VATICAN CITY – Defending the values of human life and the family is not always easy, but it is an obligation all Catholics – clergy and laity – share, Pope Benedict XVI said.

Meeting the bishops of Ecuador Oct. 16, the pope thanked them for defending basic human values during their country’s campaign to draft and pass a new constitution.

“I want to thank you for the efforts you are making, not without great sacrifice, to draw society’s attention to those values that made human life more just and marked by solidarity,” the pope told the bishops at their “ad limina” visits to the Vatican. Heads of dioceses are required to make these visits every five years to report on the status of their dioceses.

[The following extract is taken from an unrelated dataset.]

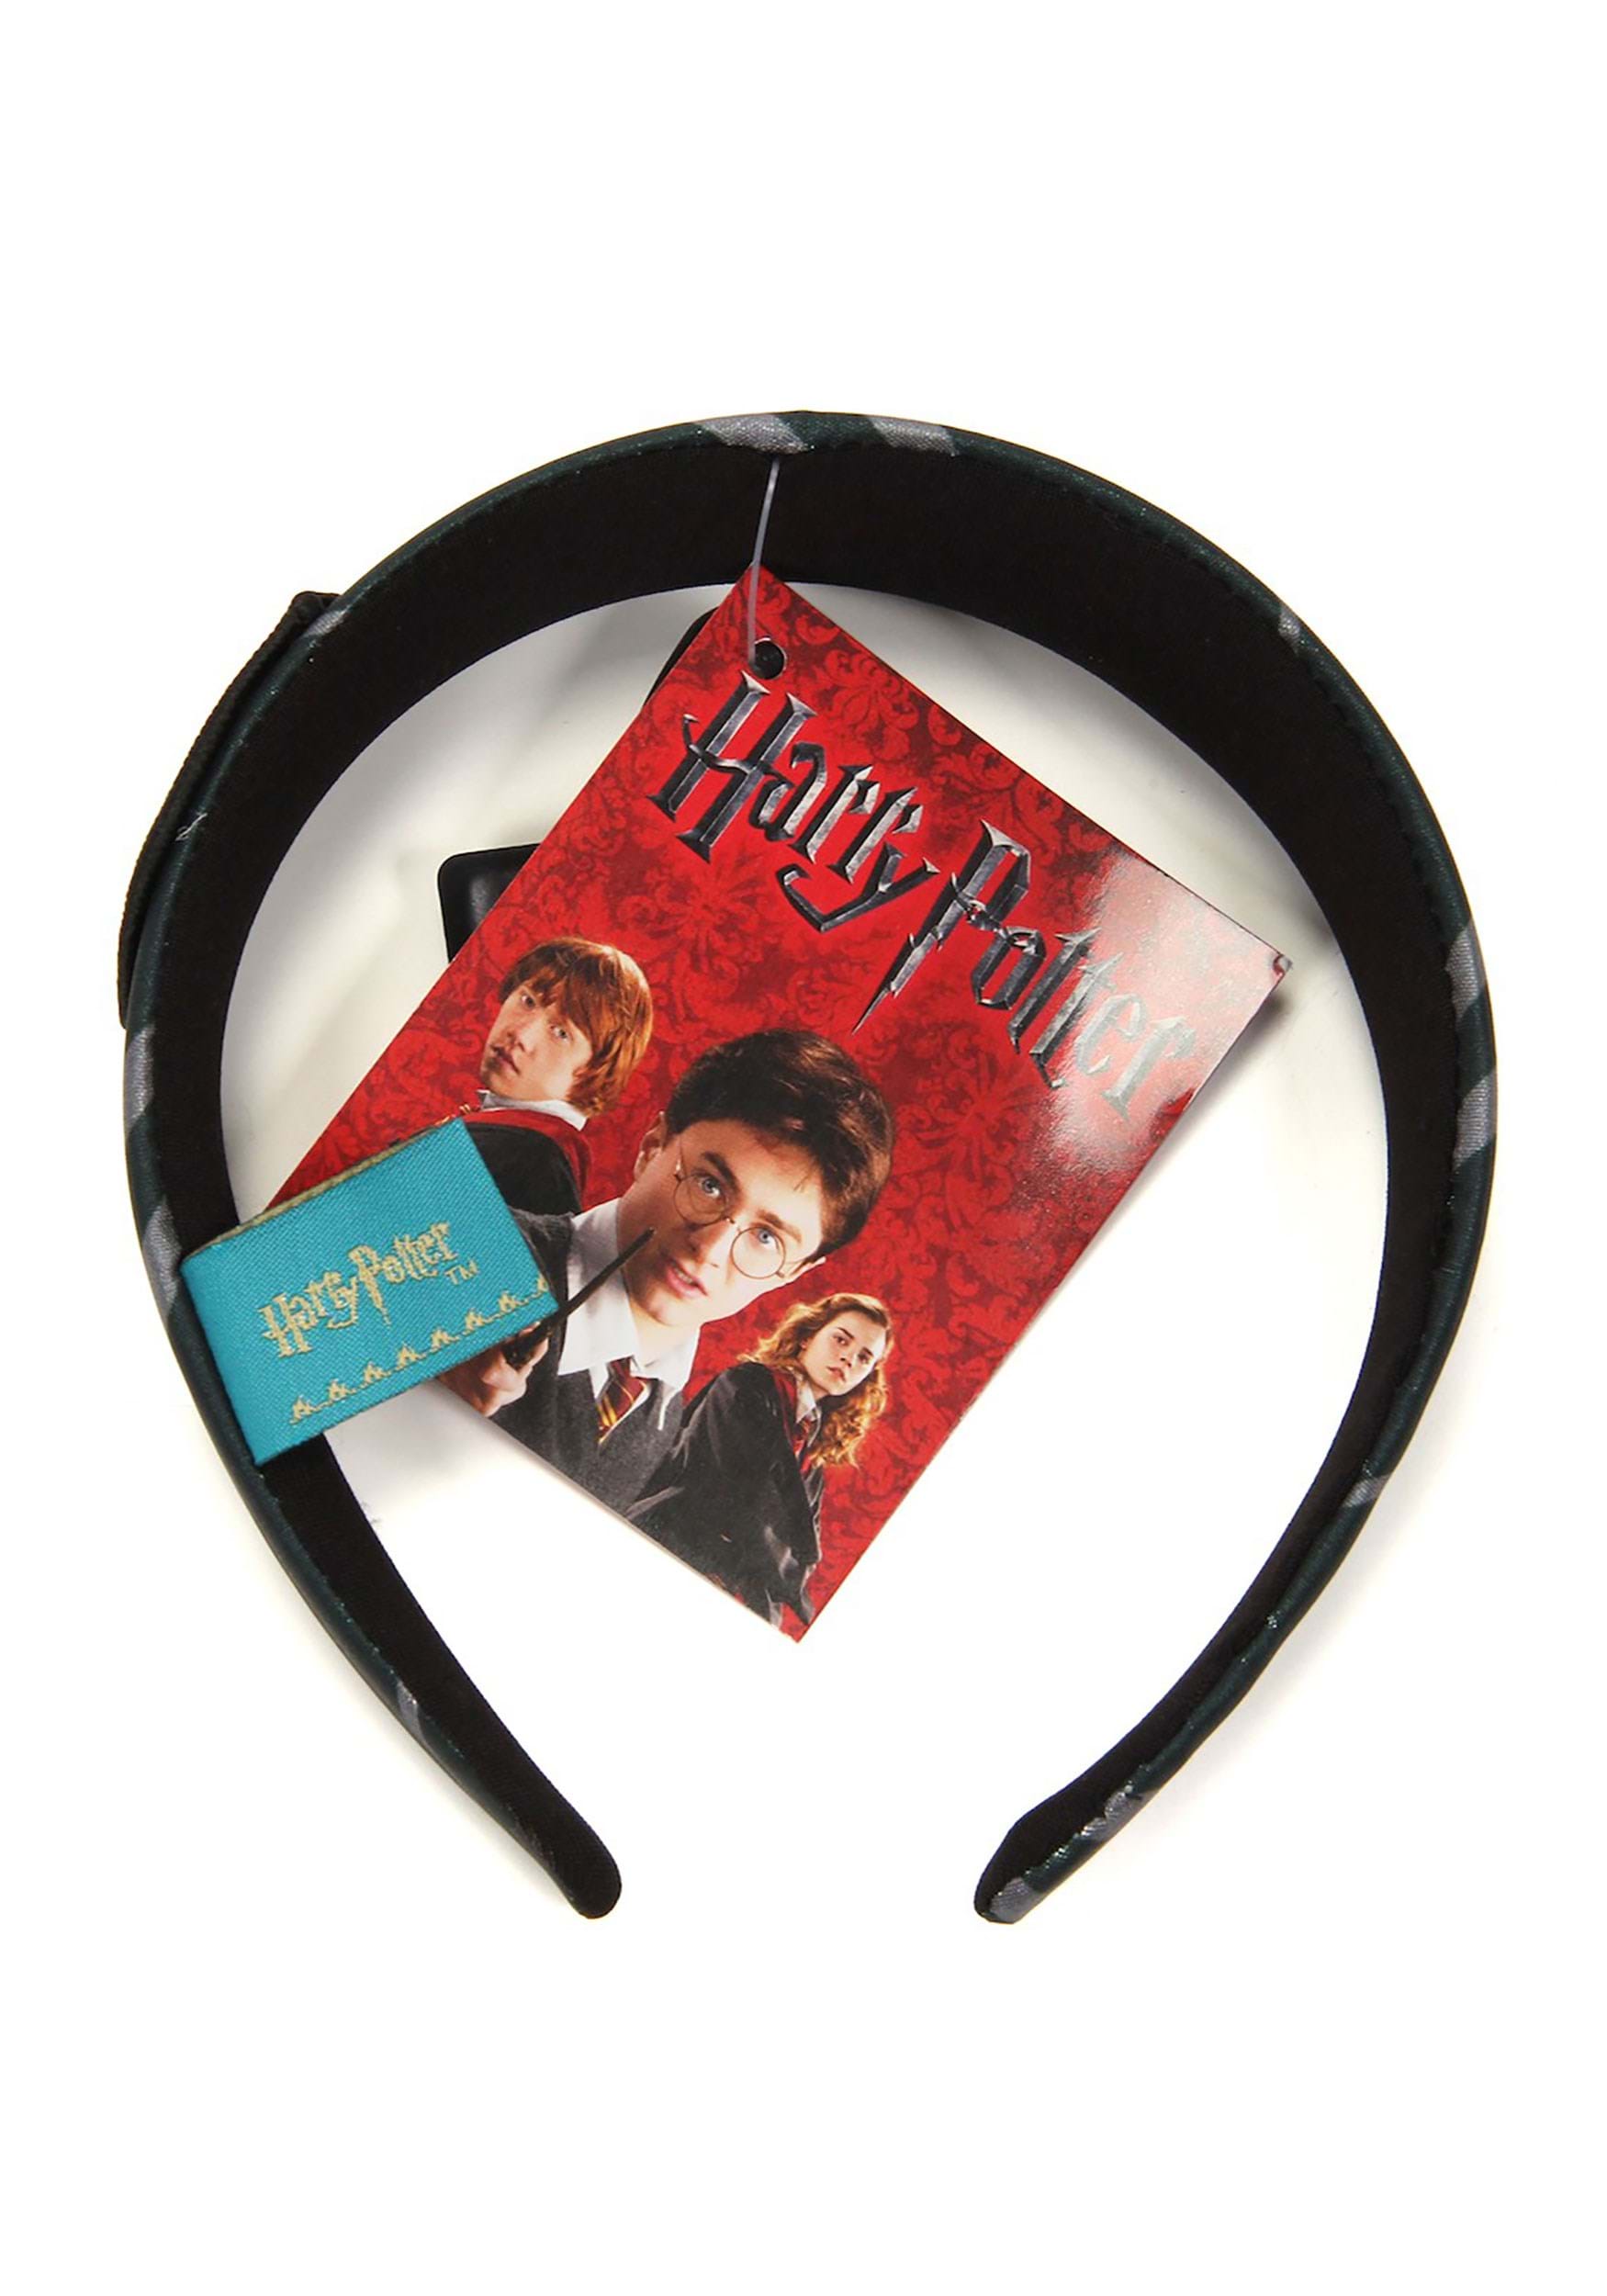 Harry Potter Slytherin Headband
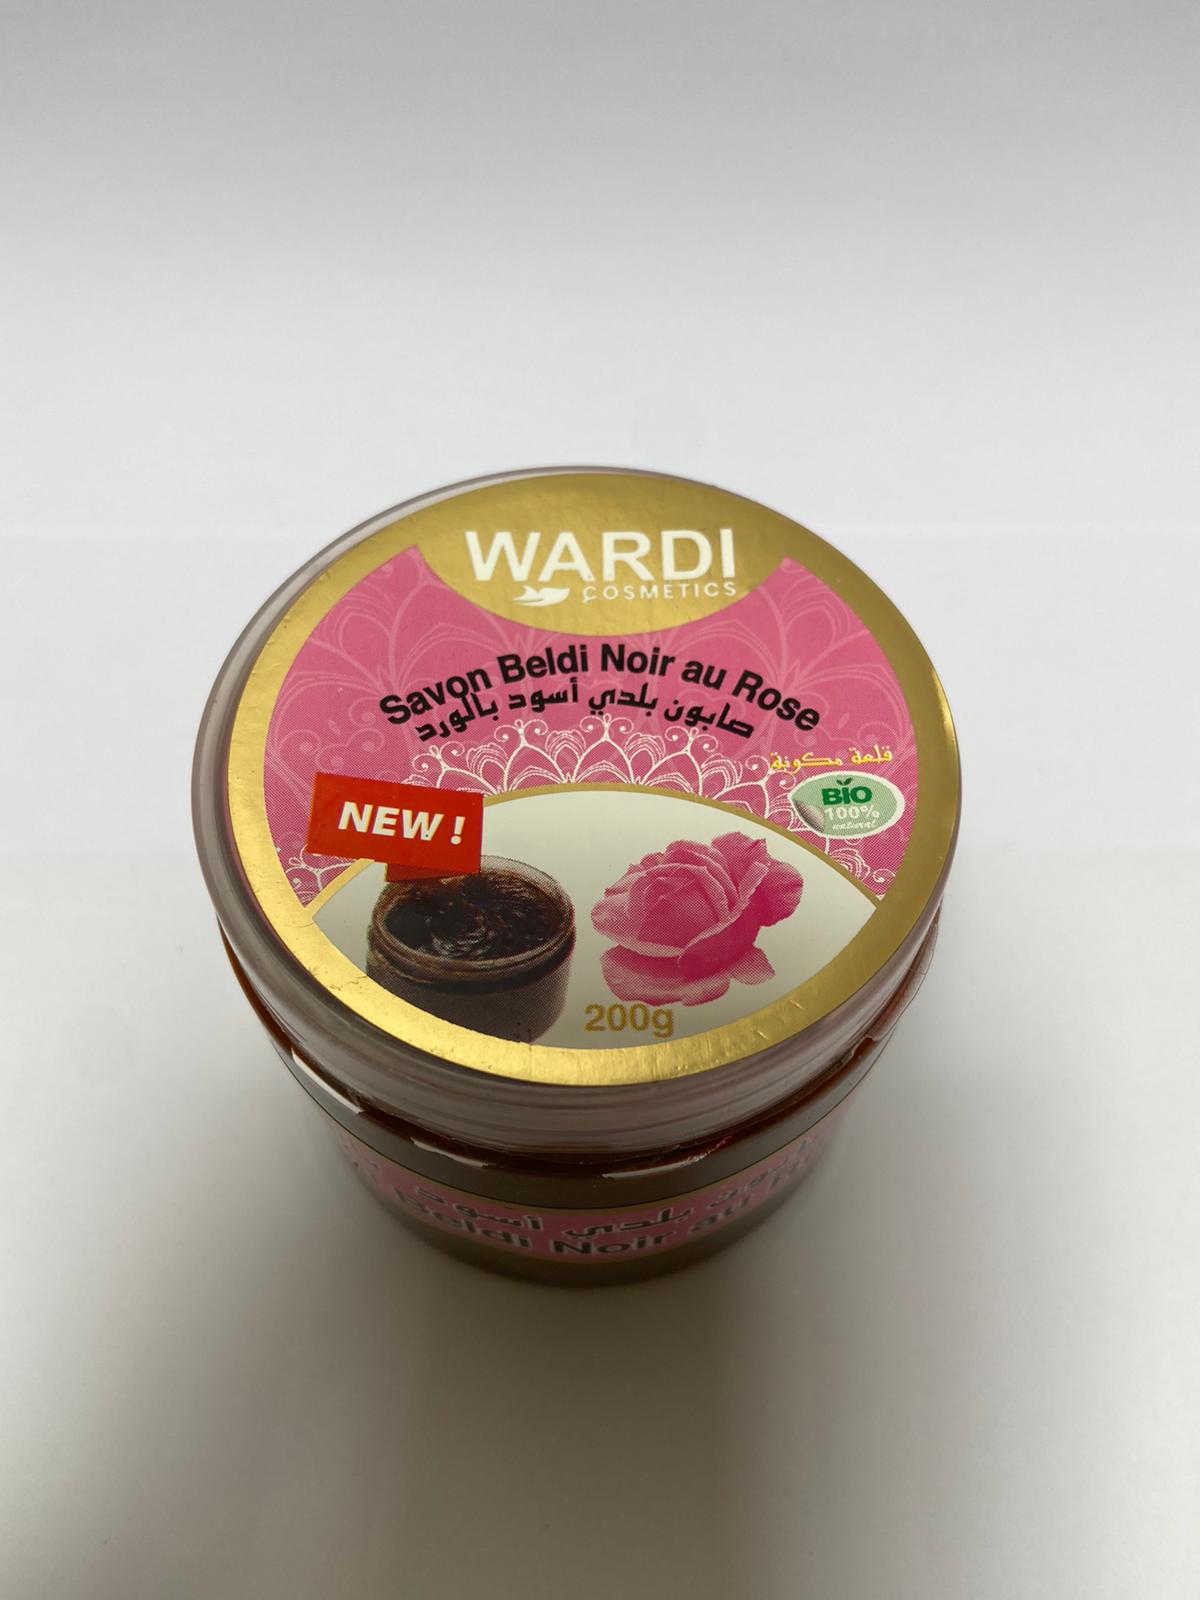 WARDI Cosmetics - Black beldi soap with rose - 200g - Wardi Cosmetics - Ethni Beauty Market

Archbishop Antonio Arregui Yarza of Guayaquil, president of the Ecuadorean bishops’ conference, told the pope that the bishops’ July statement on potential dangers in the new constitution provoked “a very strong reaction on the part of the regime.”

The archbishop said the government used “aggressive and inaccurate propaganda” to paint the bishops as political supporters of the opposition.

“We place our (country’s) uncertain future in God’s hands,” he said, adding that the bishops are committed to “a comprehensive, generous and constructive dialogue” with the government once a new legislature is in place.

The new constitution, which the bishops said did not clearly proclaim the right to life and define marriage as the union of a man and a woman, won the approval of more than 60 percent of the electorate in September.

A National Assembly is expected to be formed before the end of October and it will serve as a parliament until new legislative elections are held in 2009.

Pope Benedict told the bishops, “In this important phase of history, the church in Ecuador needs a mature and committed laity that, with a solid doctrinal formation and a deep interior life, will live its specific vocation: to enlighten all human, social, cultural and political reality with the light of Christ.”

At the same time, he said, the bishops have an obligation to “offer the entire community your proper contribution through reflection and moral judgments, including those on political questions that touch the dignity of the human person.”